> **Exercise requirements**
This task calls for the lines below starting at the one containing "Happy Birthday Shlesh" and ending at the one containing "Kundan Earrings Design", repeated exactly with both ends kept and pictures left out.

> **Source material**

───

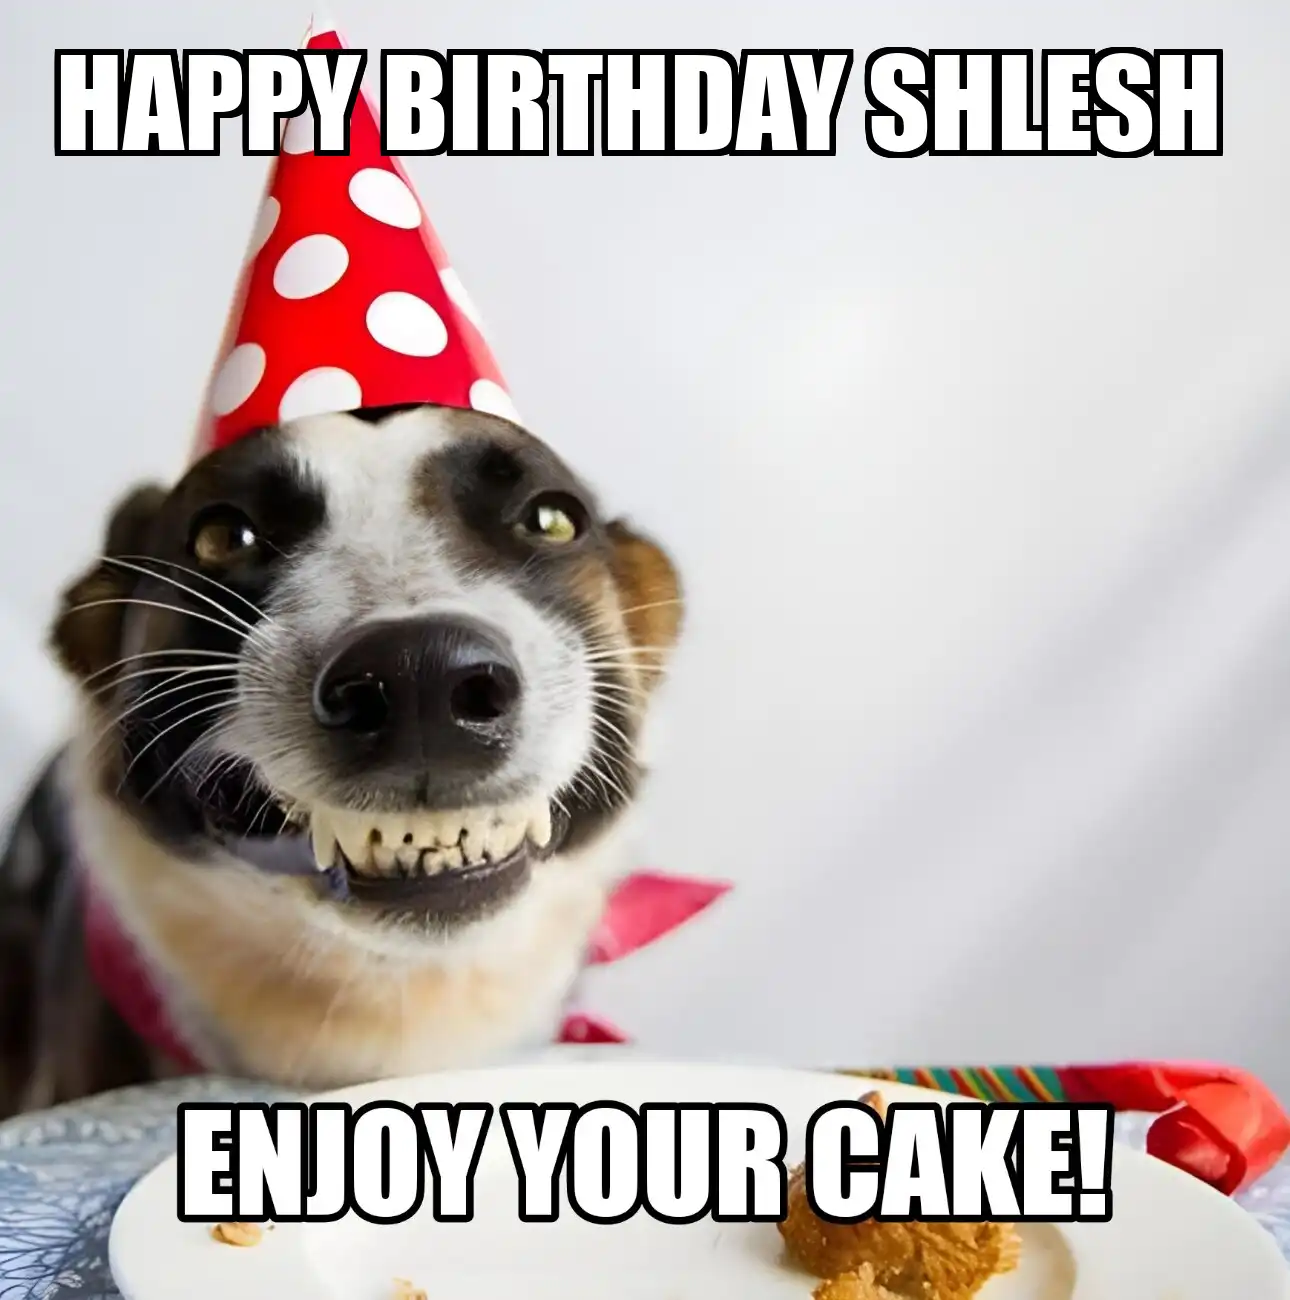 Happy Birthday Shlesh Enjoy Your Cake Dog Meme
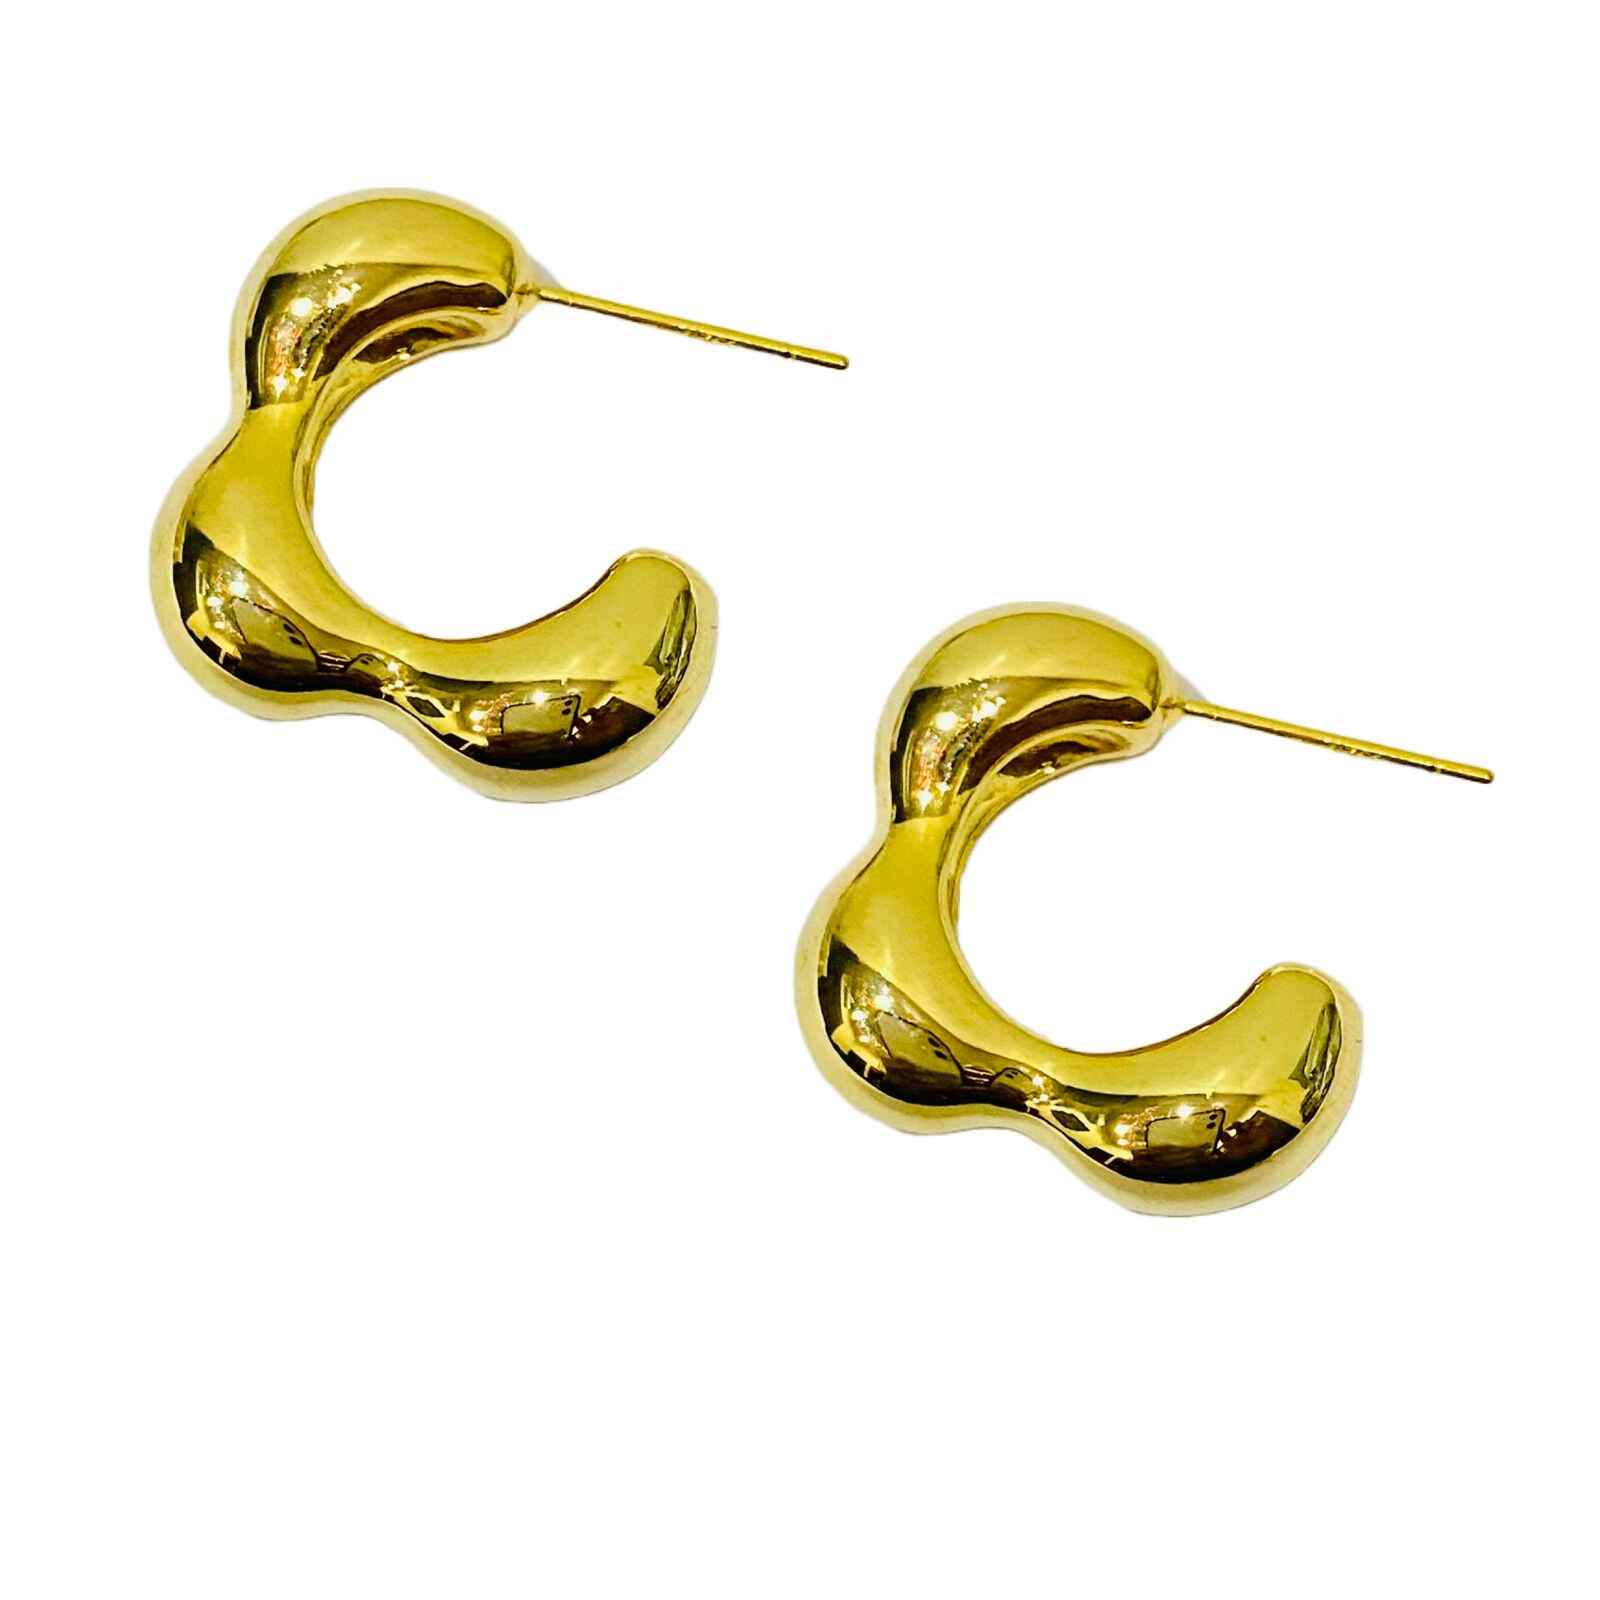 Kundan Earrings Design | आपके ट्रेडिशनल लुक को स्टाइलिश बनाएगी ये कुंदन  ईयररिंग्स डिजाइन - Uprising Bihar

───

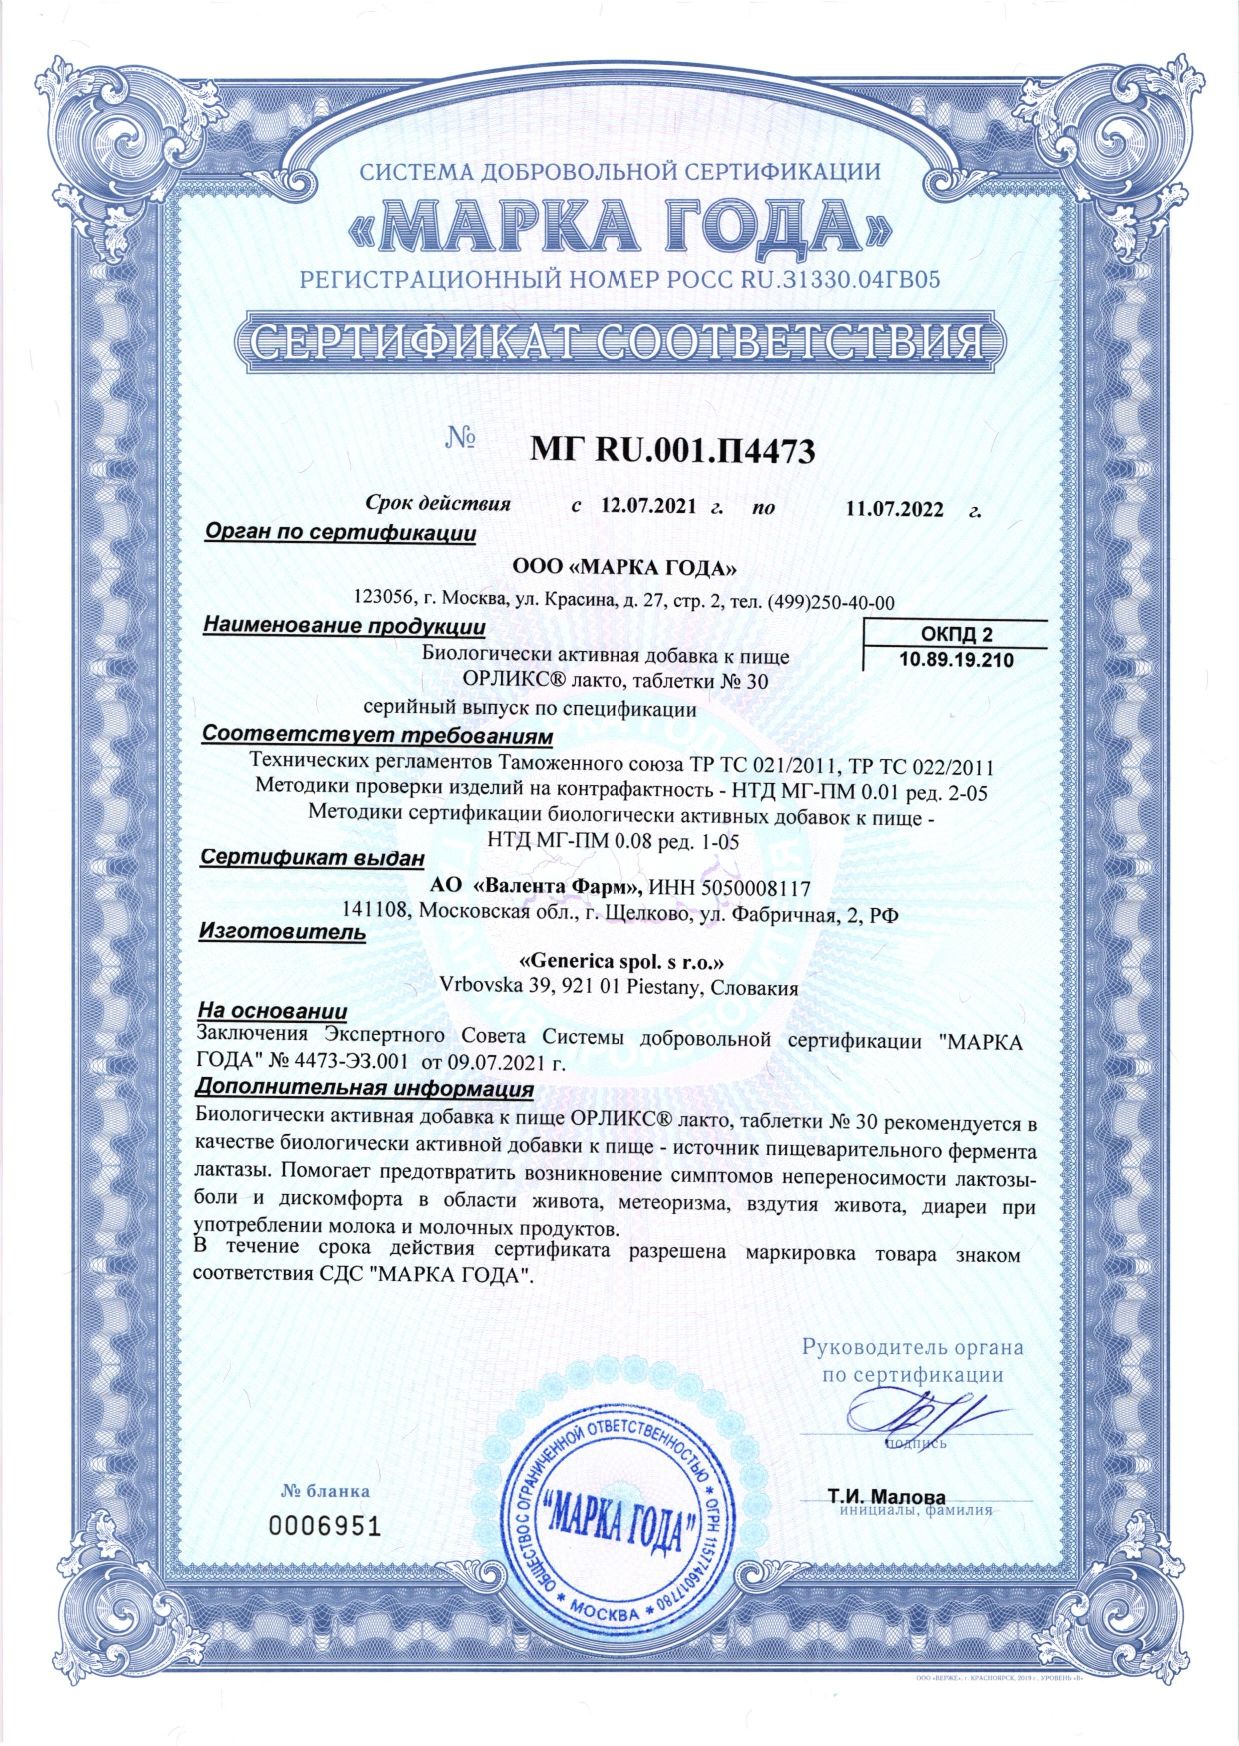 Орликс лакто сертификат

───

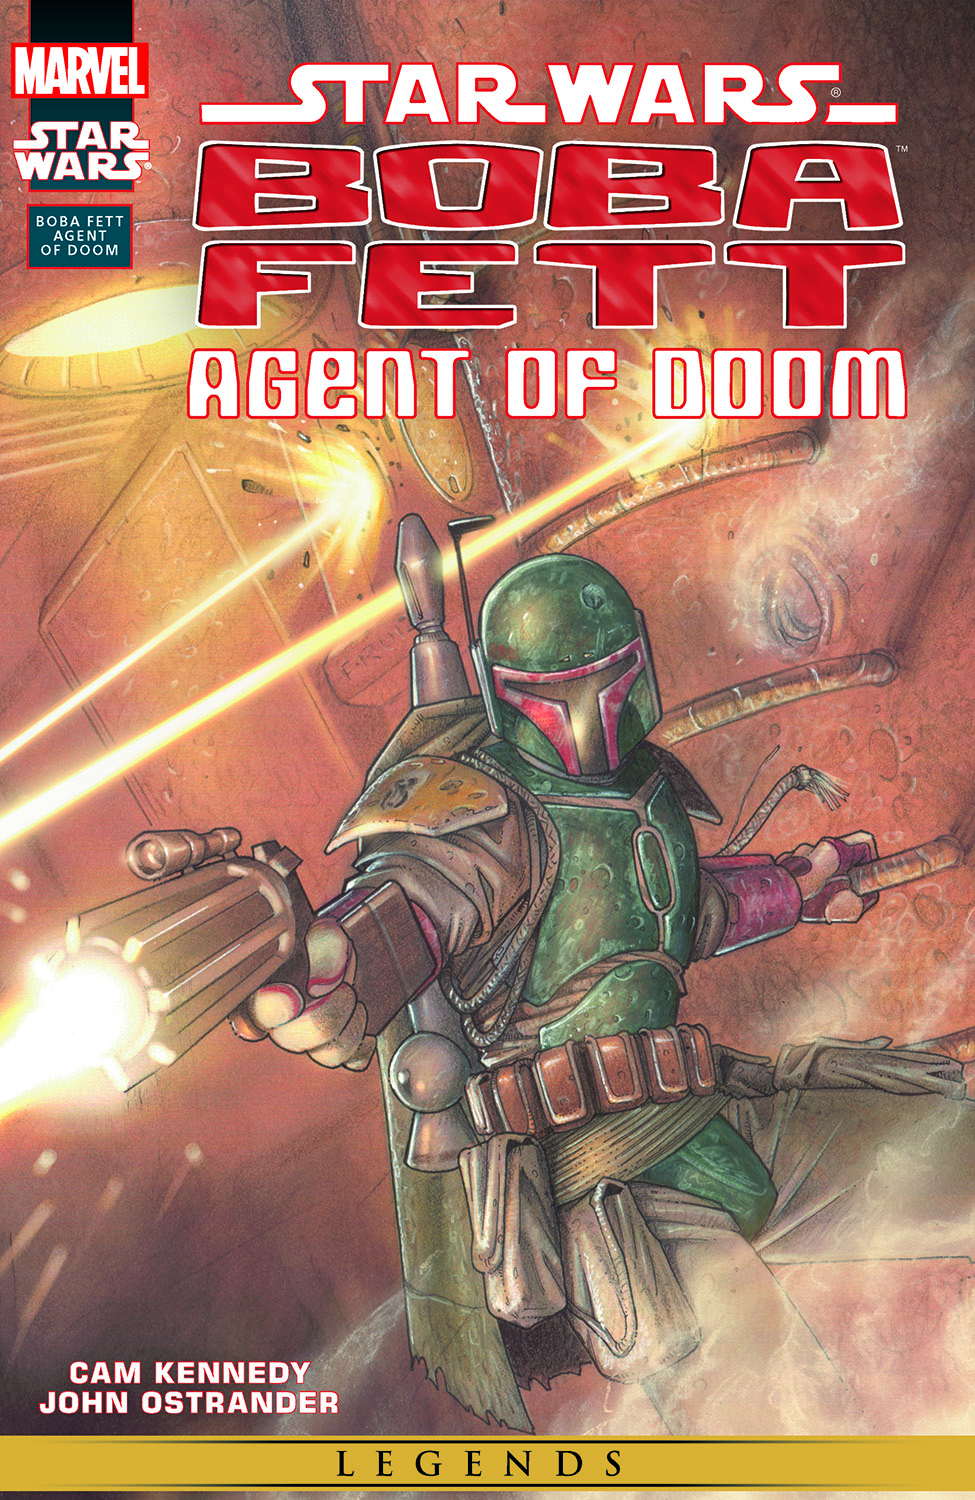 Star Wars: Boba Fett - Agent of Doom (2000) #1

───

> **Answer section**
 Happy Birthday Shlesh Enjoy Your Cake Dog Meme
 Kundan Earrings Design | आपके ट्रेडिशनल लुक को स्टाइलिश बनाएगी ये कुंदन  ईयररिंग्स डिजाइन - Uprising Bihar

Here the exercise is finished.